The Piano Lesson '09

 
 
  ARTIST STATEMENT
 

When I start a new painting I imagine that the blank canvas is replete with hundreds and thousands of images, unseen like molecules of air and the atoms in the space between them. First, I fill the surface with black gouache. The velvety richness of the paint becomes caught in the crevices like dust inviting images into the shadows. Often they appear whole as if ingrained in the fibers of the page. Others are only half-exposed, dimly seen, yet needing little assistance, perhaps a brush stroke, to emerge.

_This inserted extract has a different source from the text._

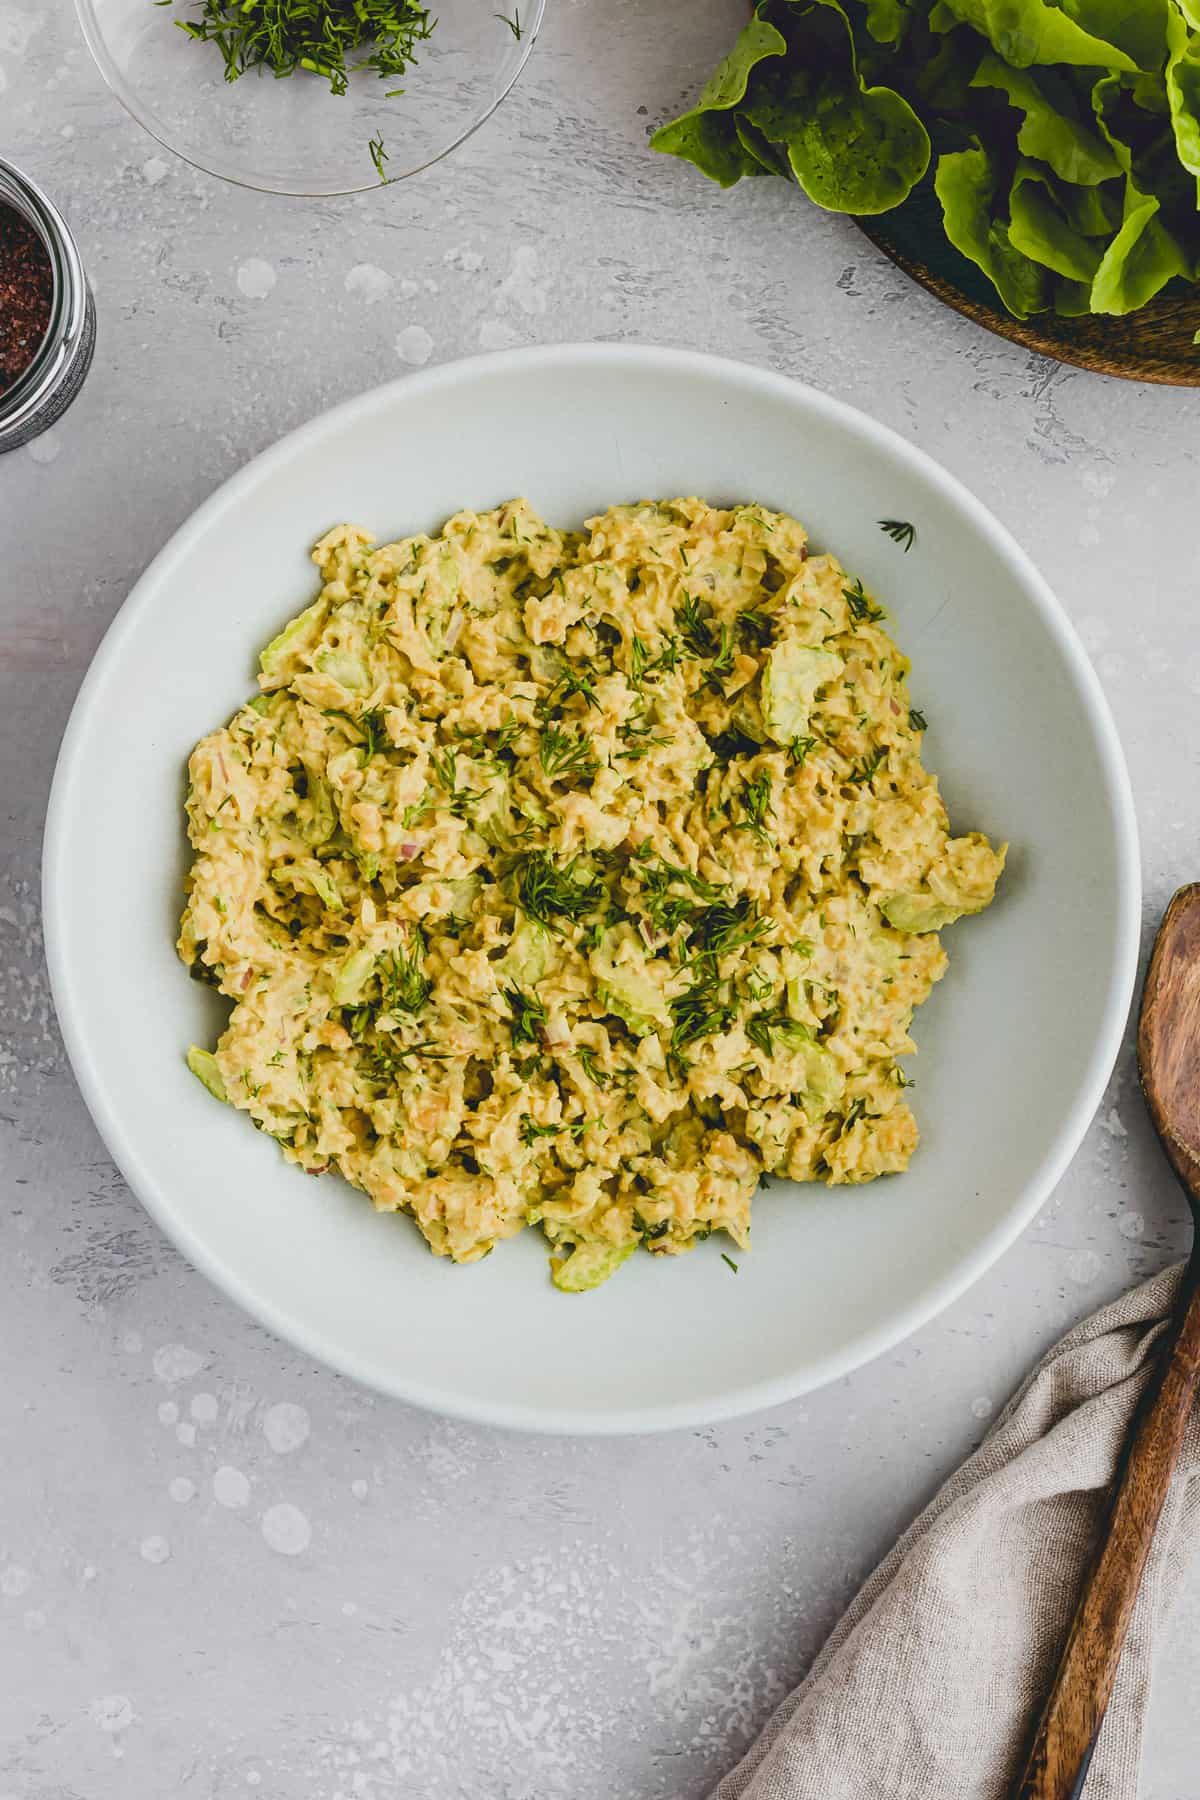 Vegan Chickpea Egg Salad in a bowl with a wooden spoon

And then sometimes the images are buried in the marks and exist more like a phantom limb itching to be rendered out of memory. When I reach a fork in the road I find the direction to take with a roll of the dice. With Duchamp and his Stoppages in mind, I use a casual toss of a strand of pearls. In the serendipitous order of their fall I reclaim the paint with my brush. Unveiled, the orbs meander randomly, yet like the chance notes in a John Cage composition, they carrying the theme. This process of reclaiming the paint, of uncovering images, is an excavation, a game of archeology and chance.

 

Under the mentorship of Tom Wudl these last two years I have learned that the most important tools in the artist's arsenal are to slow down, to pay attention, and to accept that that which is not yet apparent exists, and is perfectly in tune. The resolution of the painting indisputably proves the unseen and justifies that faith.

The Black Paintings are short studies or short conversations with black gouache on paper that have guided me to deeper excavations of my temperament. The continuation of this work combines painting with sculpture, gently balancing the narrative between figurative and abstract, surface and dimension, time and space.